Mrs Justice Lang refused the application for interim relief on 11 December 2024. Later that evening, the Claimant sought permission to appeal that order from the Court of Appeal. In the meantime, the Defendant had decided to defer the removal directions and a notice cancelling removal directions was served on the Claimant on 11 December 2024 by email at 21.14. The appeal to the Court of Appeal was then withdrawn by consent and the matter then proceeded to the permission stage. 

21.

On 2 January 2025 the Defendant filed her Acknowledgment of Service and summary grounds of defence.
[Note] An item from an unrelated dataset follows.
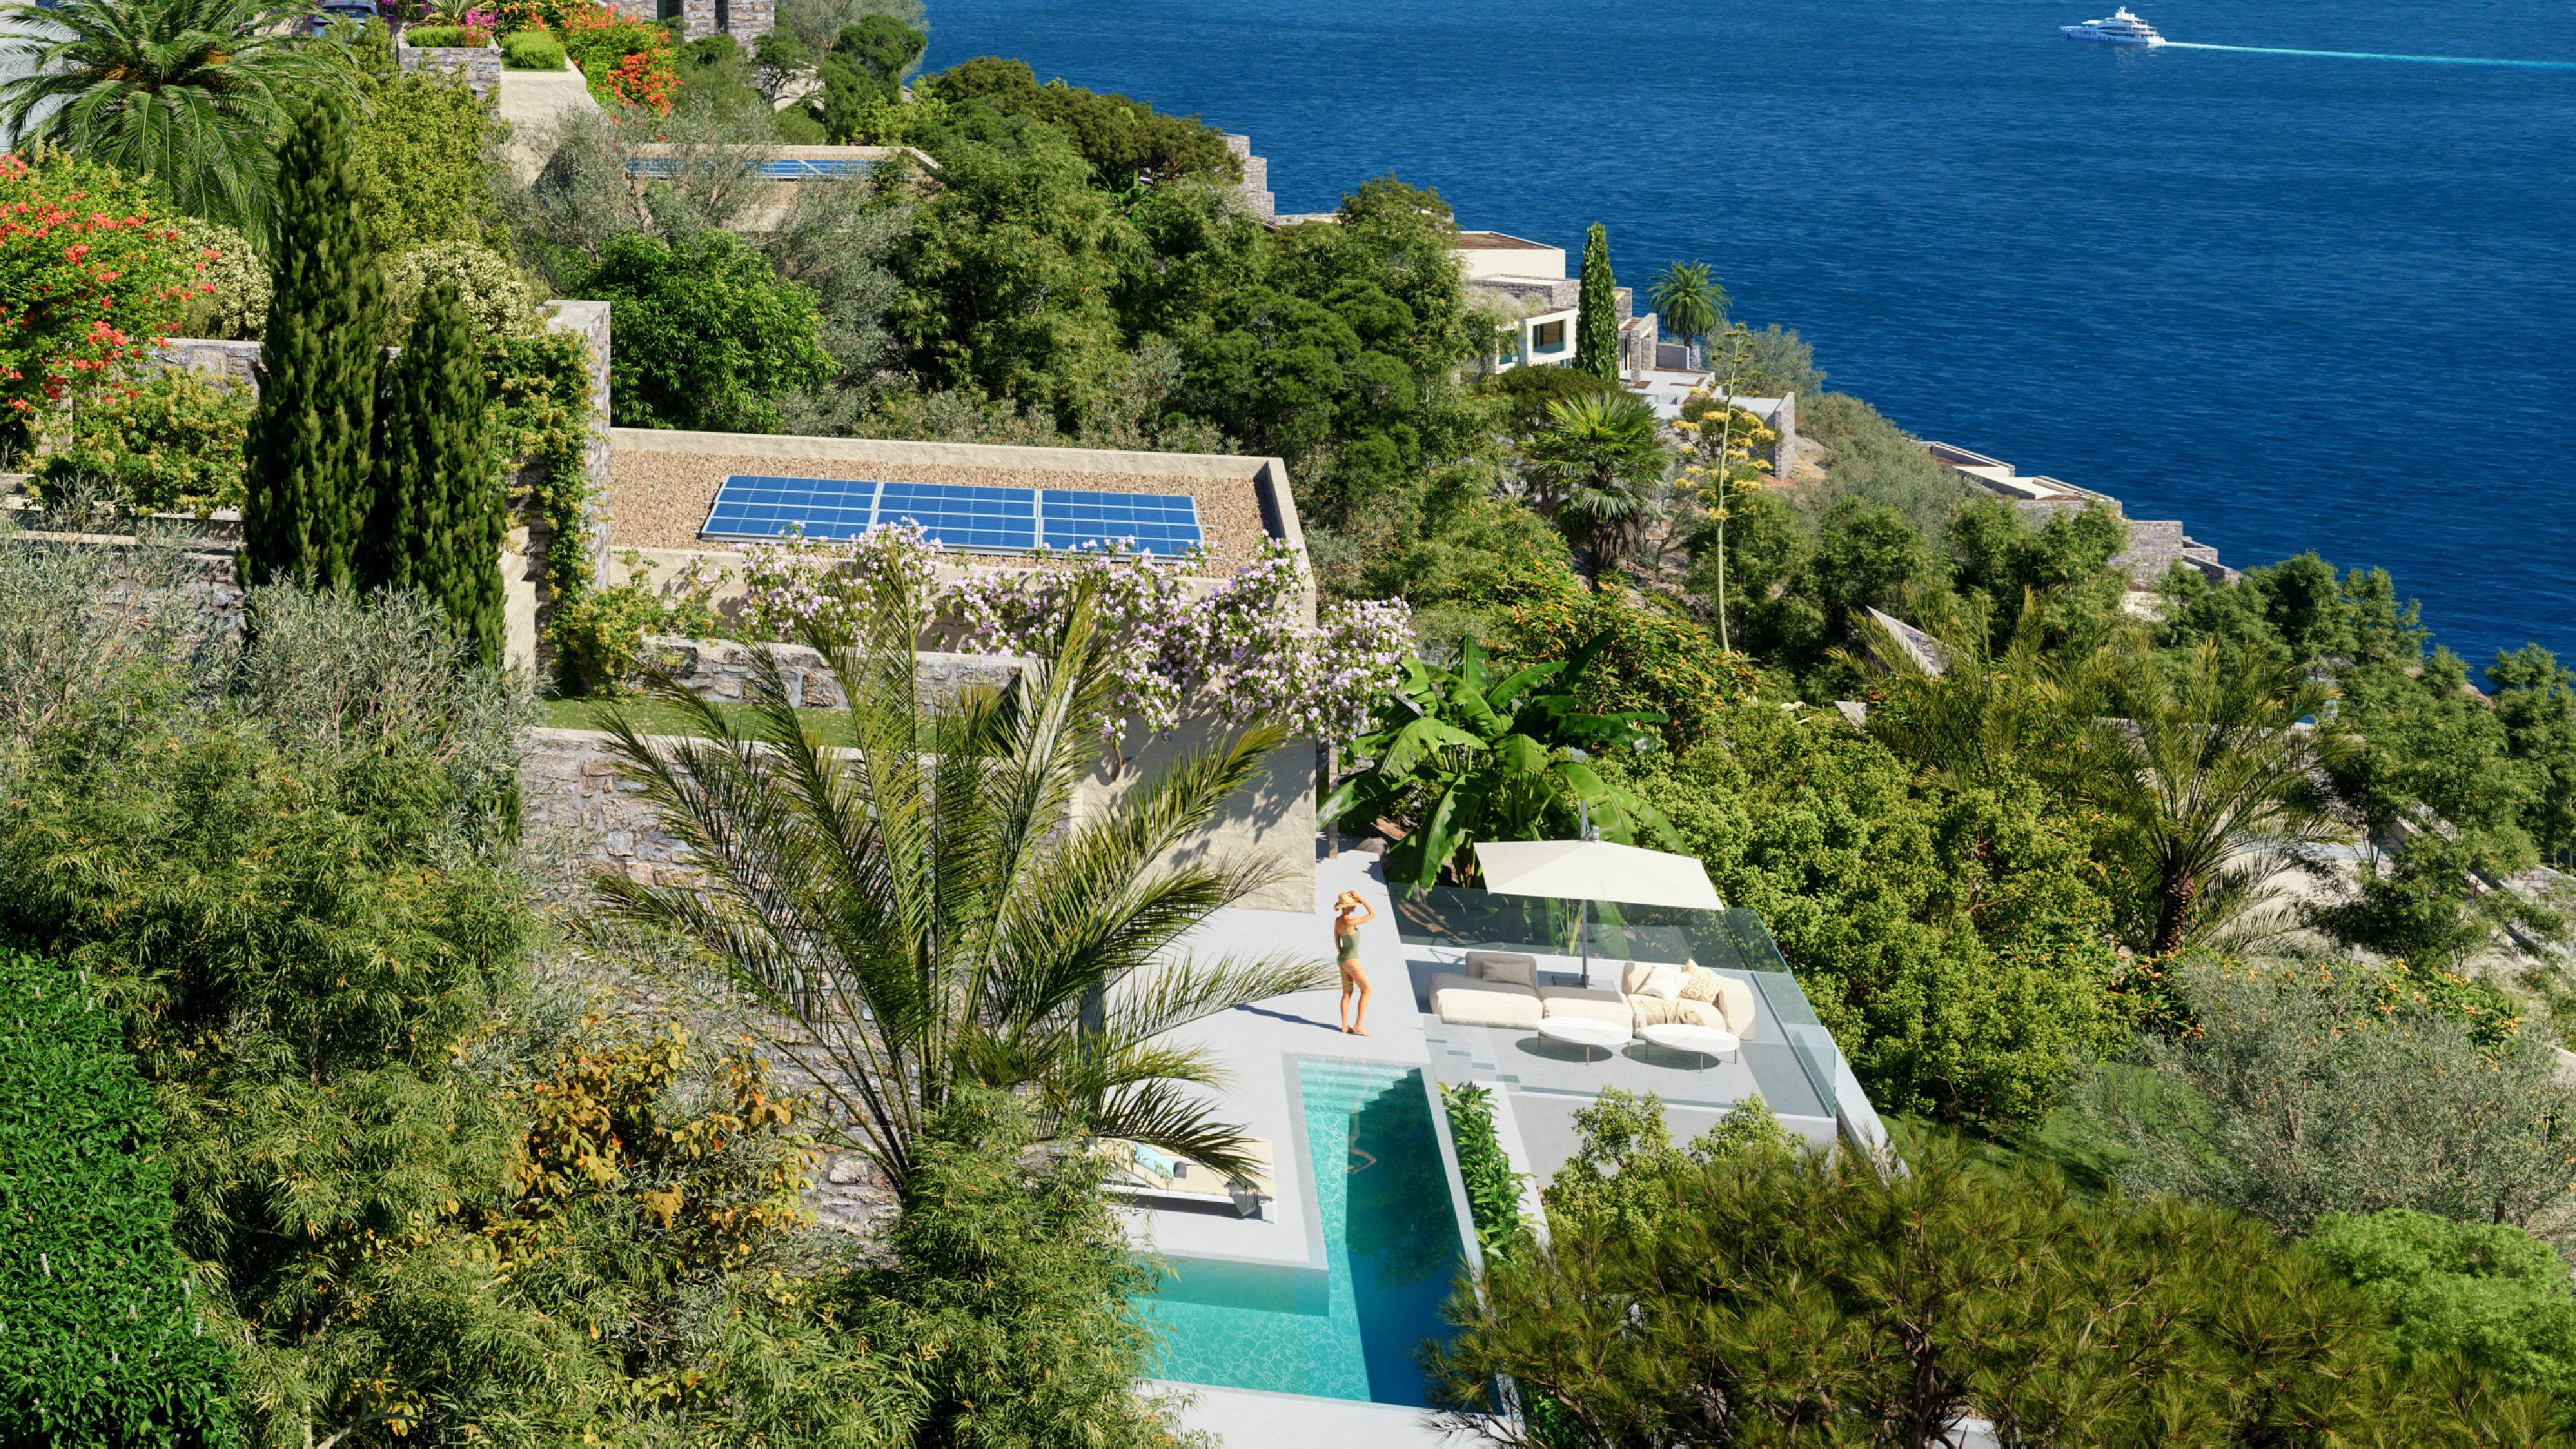 Luxury 3-Bedroom Seafront Villa in a Sustainable Private Resort in the Heart of Crete with Swimming Pool and Full Sea Views

On 13 February 2025 permission was granted on the papers by Upper Tribunal Judge Ockelton sitting as a judge of the High Court, whose decision included the following observations: 

“Everything depends on whether the claimant had an outstanding asylum application at the date of the decisions to detain and remove him, and, because there is no doubt that the claimant did make an asylum claim, that in turn depends on whether the defendant’s decision to treat the asylum claim as implicitly withdrawn was lawful….

One cannot have any sympathy at all for the claimant, who entered the United Kingdom unlawfully, unlawfully left the accommodation provided for him at public expense, made an asylum claim that he did not pursue, and then used his time in the United Kingdom to commit serious criminal offences; but he is entitled to due process. It is arguable that the reason given in the notice of decision is not one of those leading to treating the claim as withdrawn as permitted by paragraph 333C. If an interview had been scheduled and an invitation had been sent to his last known and only lawful address, things would be different, but it wasn’t. In these circumstances it is not easy to see how the claimant can be said to have ‘failed to attend the [sic] interview’.”